WORK REQUEST>
Taking the entries below, transcribe only the lines starting with the one with "teachers. Sufficiency of" and going on through the one with "Baseball and Trading", exactly as written, without the pictures.

STORED DATA>
******************************
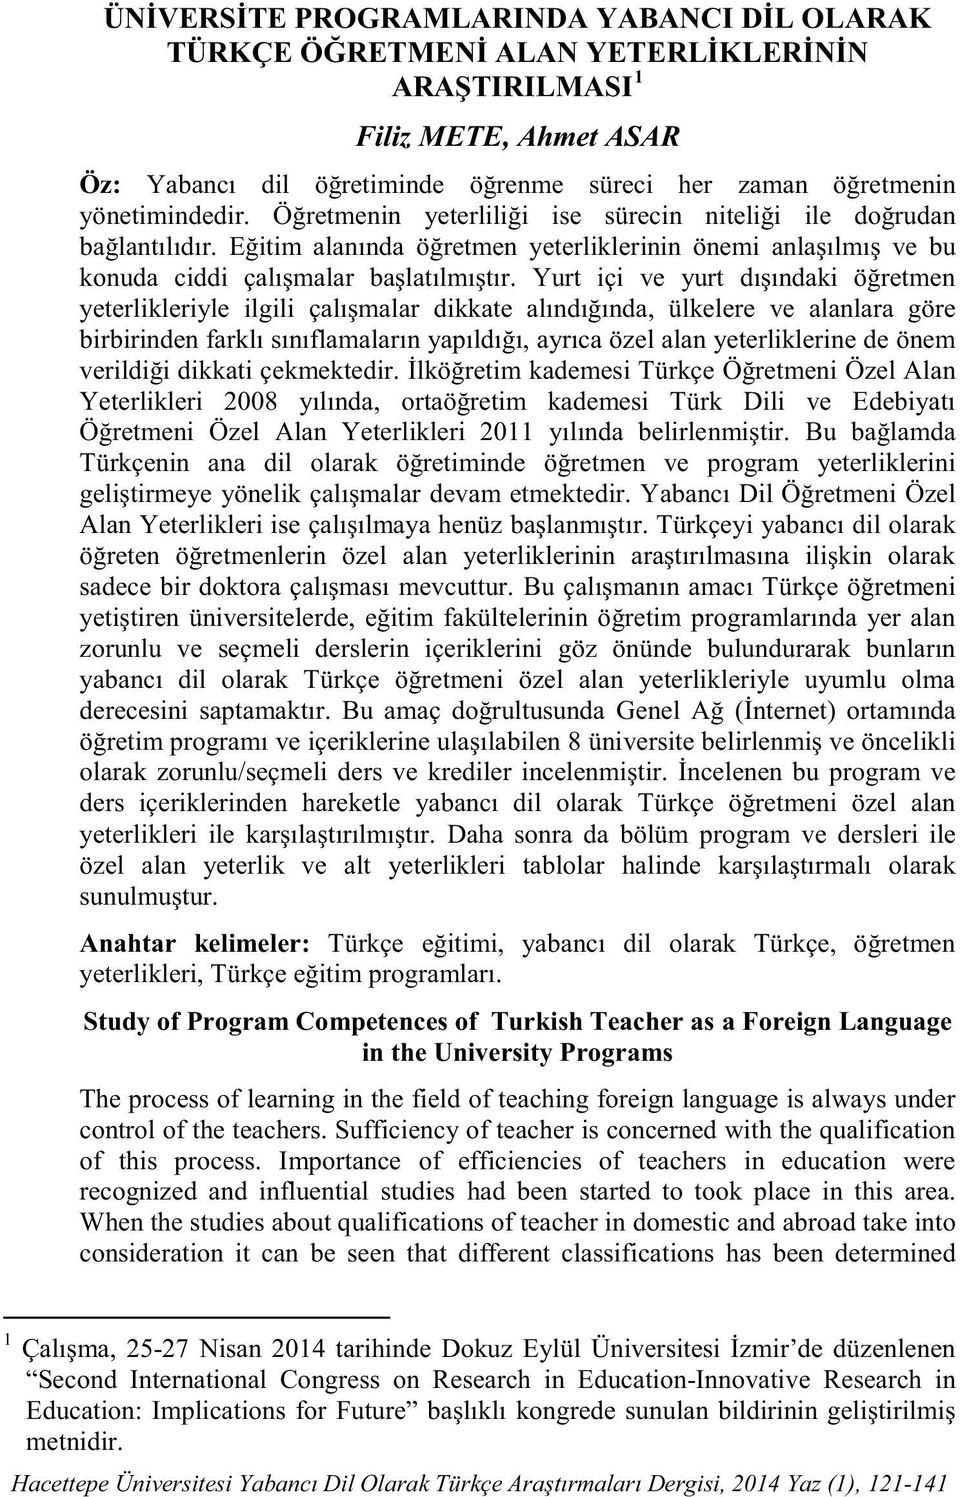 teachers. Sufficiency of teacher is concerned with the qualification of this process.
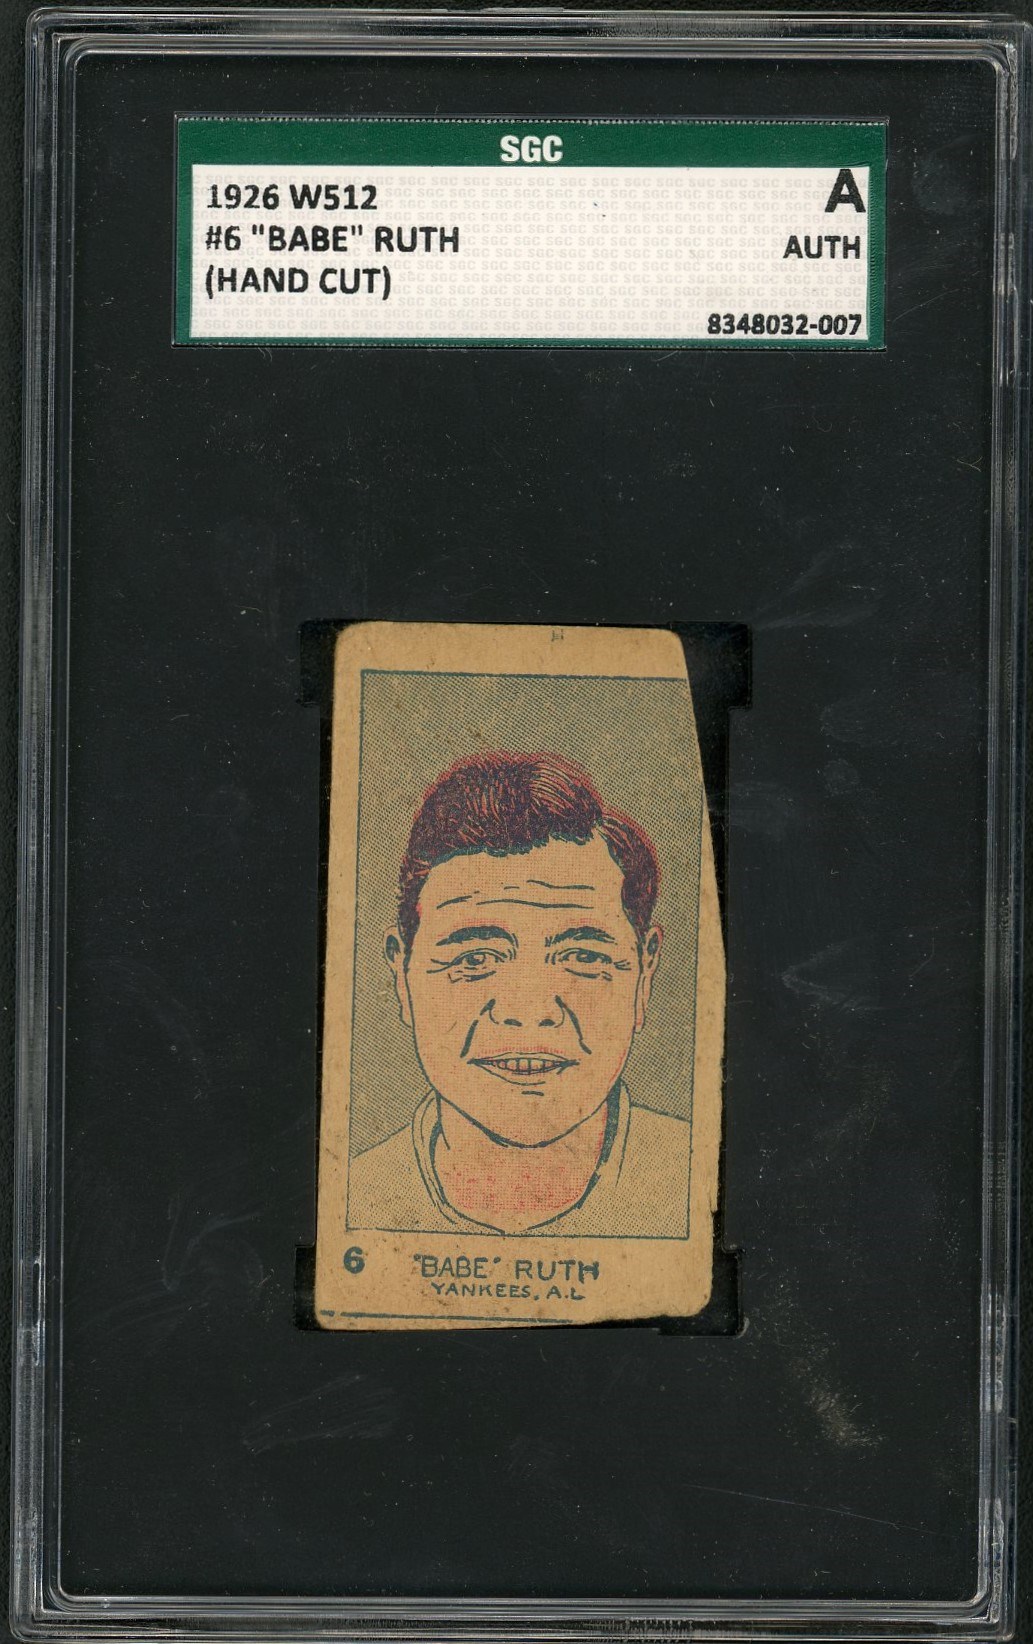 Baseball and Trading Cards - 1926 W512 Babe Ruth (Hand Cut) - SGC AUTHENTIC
******************************
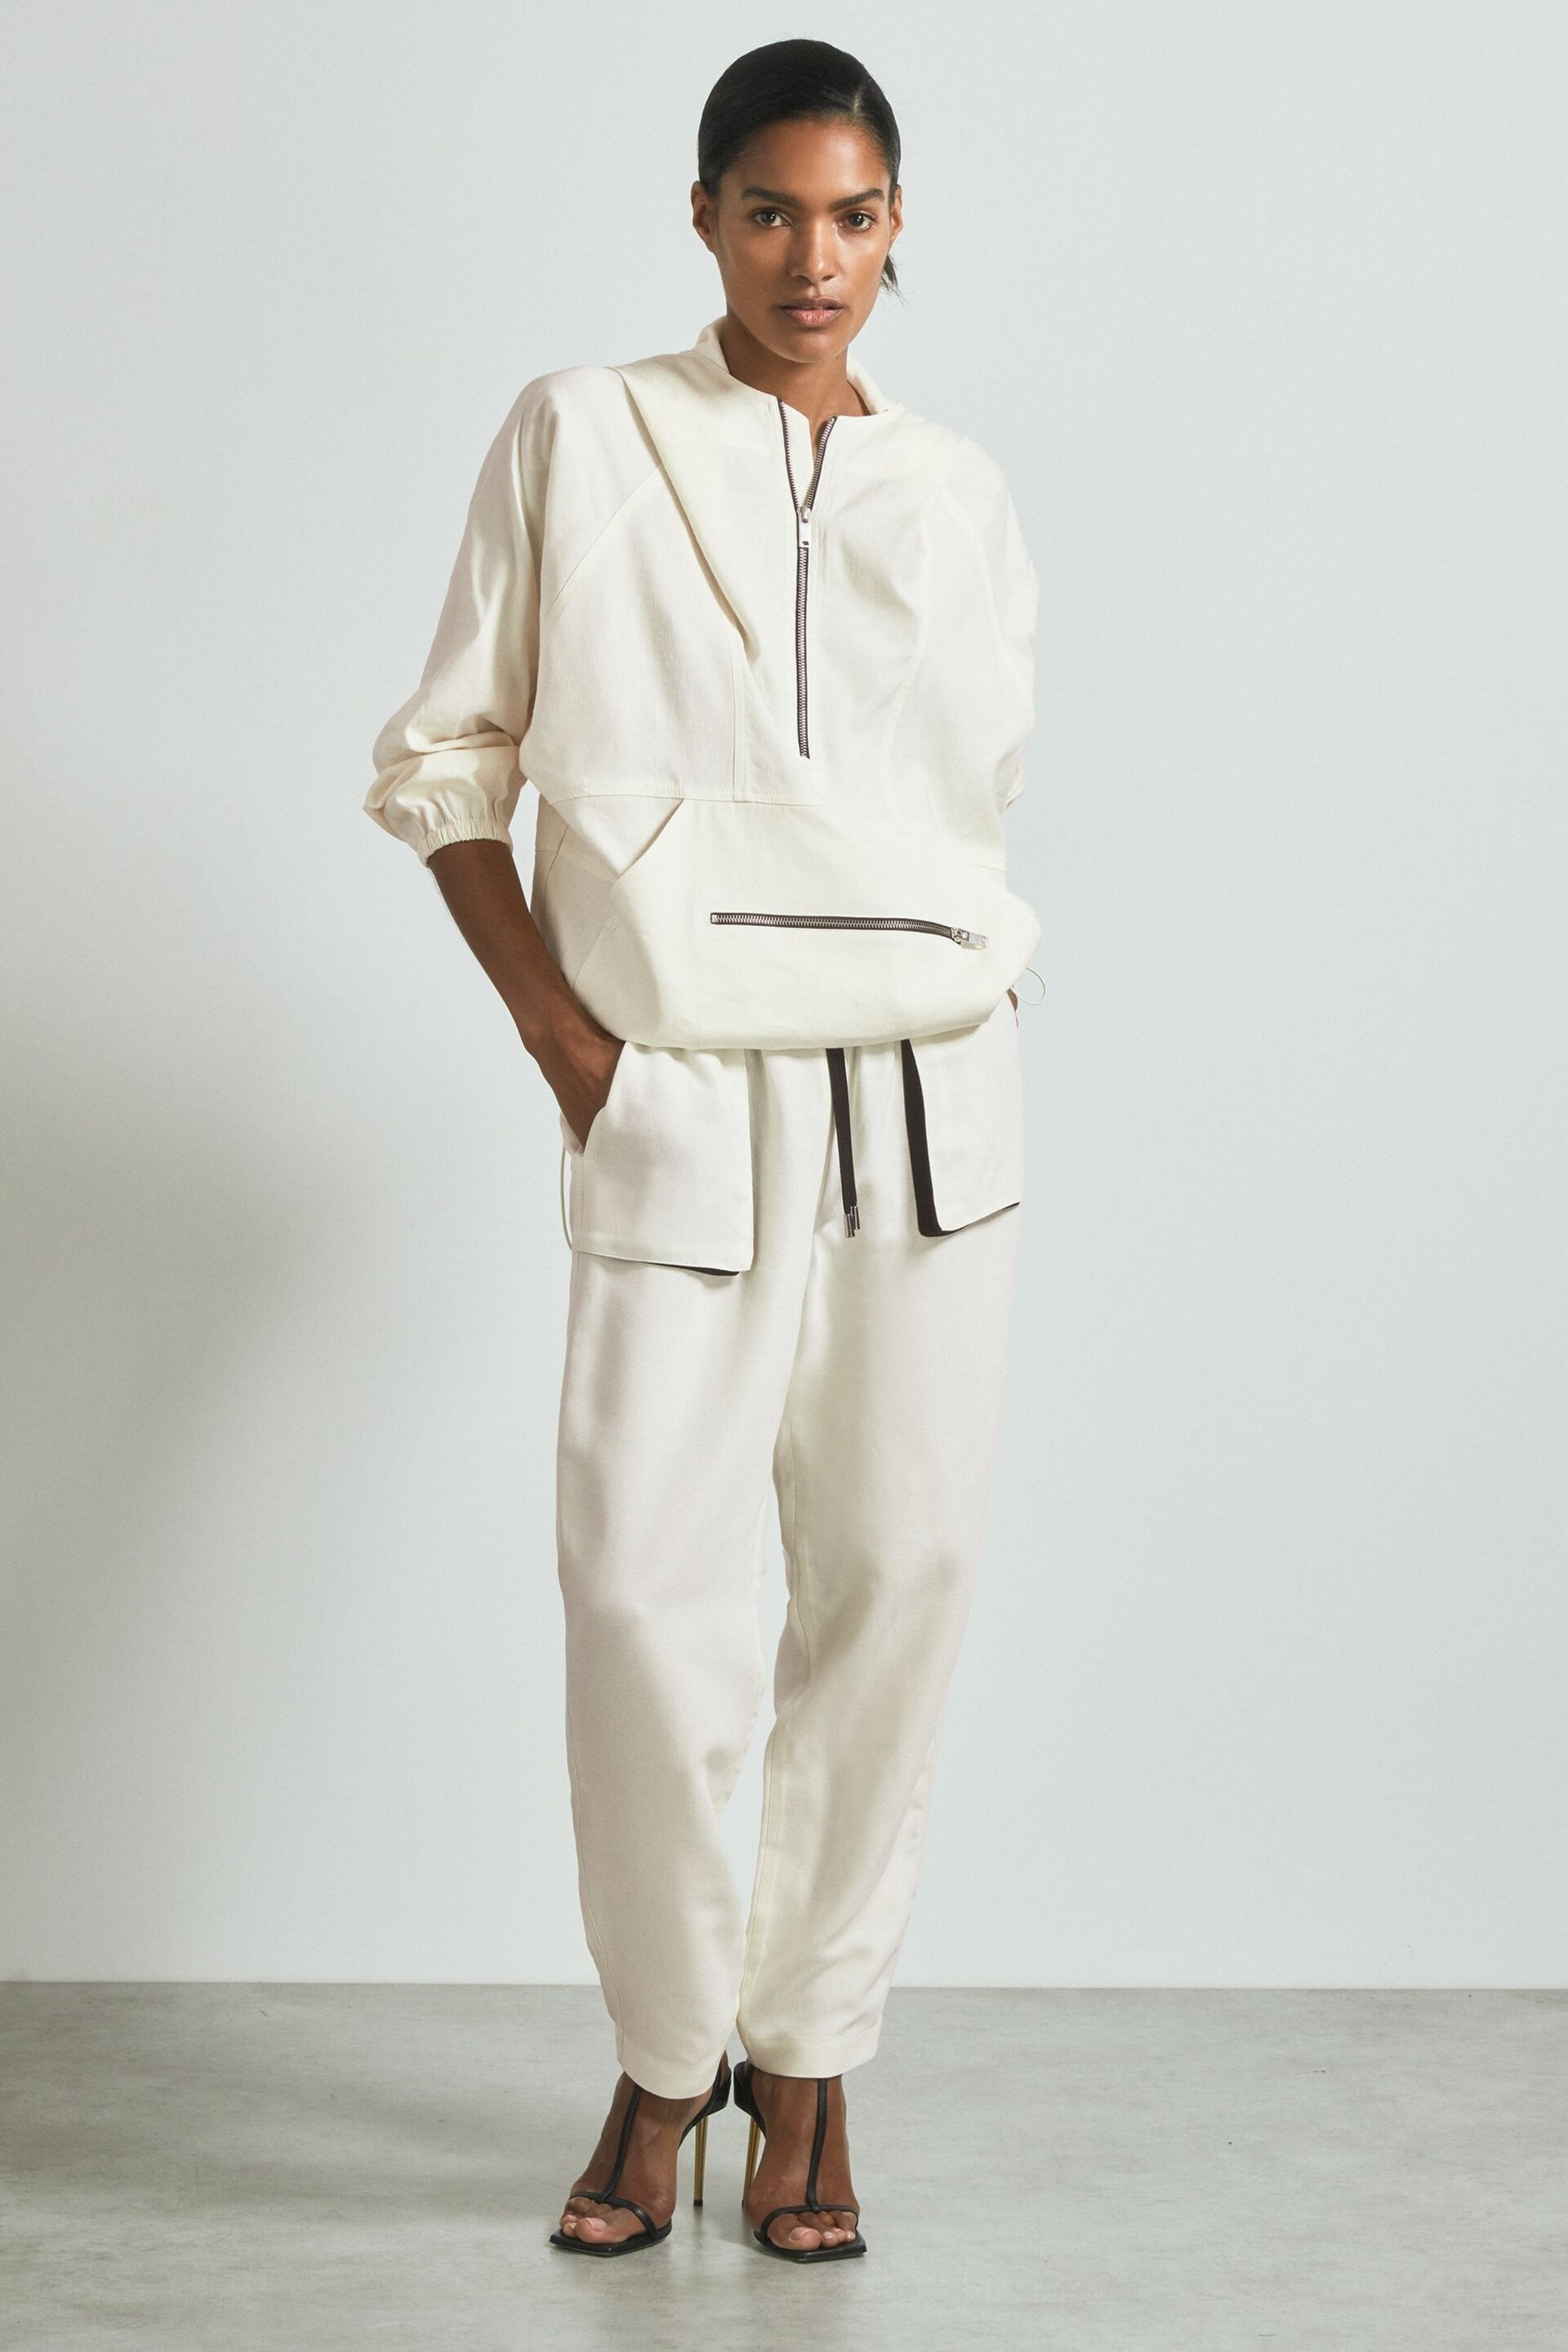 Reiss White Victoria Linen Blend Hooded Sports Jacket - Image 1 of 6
******************************
OUTPUT OF THE EXERCISE>
 teachers. Sufficiency of teacher is concerned with the qualification of this process.
 Baseball and Trading Cards - 1926 W512 Babe Ruth (Hand Cut) - SGC AUTHENTIC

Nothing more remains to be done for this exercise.